Part of helping patients learn to manage worrying is often to help them set up a specific time for worrying about things.  This "worry time" can be a placeholder in the day or week which the patient uses when an intrusive worry enters into their thinking: They can dismiss it by deciding to put that on the agenda for the scheduled worry time.  This is a way of training your mind to be intentional about what you choose to think about and when.  But implicit in this is the idea that training your mind to think about things intentionally is a learned skill.

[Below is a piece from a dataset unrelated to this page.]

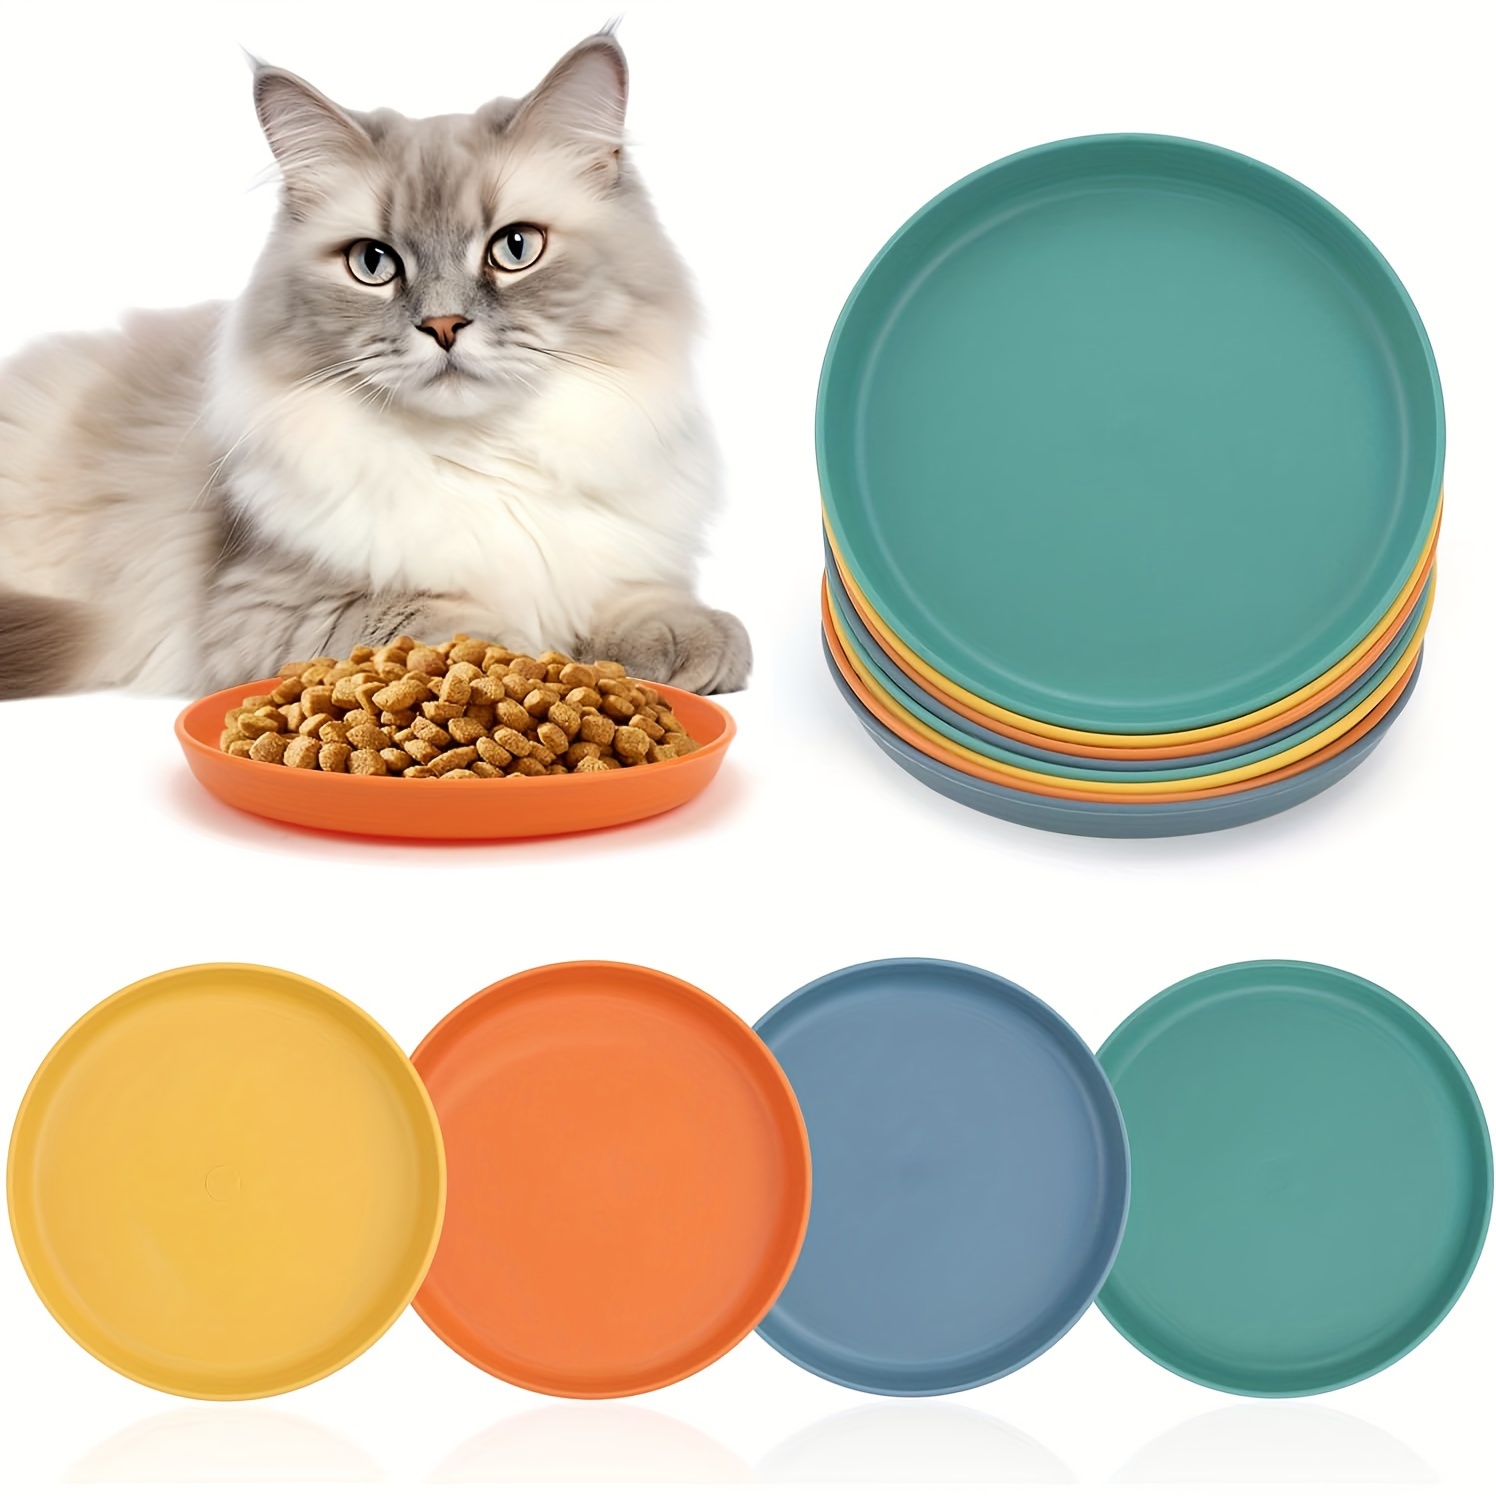 

8-piece Non-slip Plastic Cat Bowls - Flat Feeding Dishes For Kittens & Short-legged Cats

You can apply this to many different aspects of your life and work.  If you are growing your private practice, when was the last time you set aside an hour to think deeply about your business plan or clinical focus.  I'm not talking about daydreaming here, I'm talking about sustained intentional thought.  Clinically, do you set aside supervision time to think deeply about patients?  As students do you take 15 minutes after each article to think specifically about the reading?  As parents, when was the last time you said to your co-parent, let's make a time to think together about how our child is doing in life at home and school.  Classroom teachers, when was the last time you asked students to take 5 minutes and think quietly about the classroom topic?

Another challenge here is the confusion of tongues around the concept of thinking.  Self-help gurus often exhort us to stop thinking about things and JUST DO IT.  But I don't think they are talking about intentional thinking, I think they are talking about reactive or intrusive thinking.  Procrastination is reactive thinking, worrying can be intrusive thinking.  Those are often roadblocks to success, but the form of thinking I have been referring to is perhaps better described as a form of concentration meditation.  Concentration meditation has come to be seen by many of us as concentrating on an image, or a candle, or chanting, or a revered object, but that is not necessarily the case, and in fact it is limiting.

What if your idea is the revered object?  What if your thought process about your work, child, patient, class is worthy of your undivided attention?  What if you were to schedule a specific time to think about a certain project?

If you are one of those detractors who say, "I just don't have time to think," I don't buy it.  Thinking time is not a luxury item, although it may be a learned discipline to set aside a few minutes at a time to do it.  So please take a second and schedule a time on your calendar to think about an idea that is important to you.  Schedule a time to hold your random worries and thoughts and show up at that appointed time to seriously consider them.  I suspect this will free up more mental space and time than you may imagine.

And please Blizzard, bring back Evocation.  I miss it, and the important life lesson in mindfulness it has to teach us.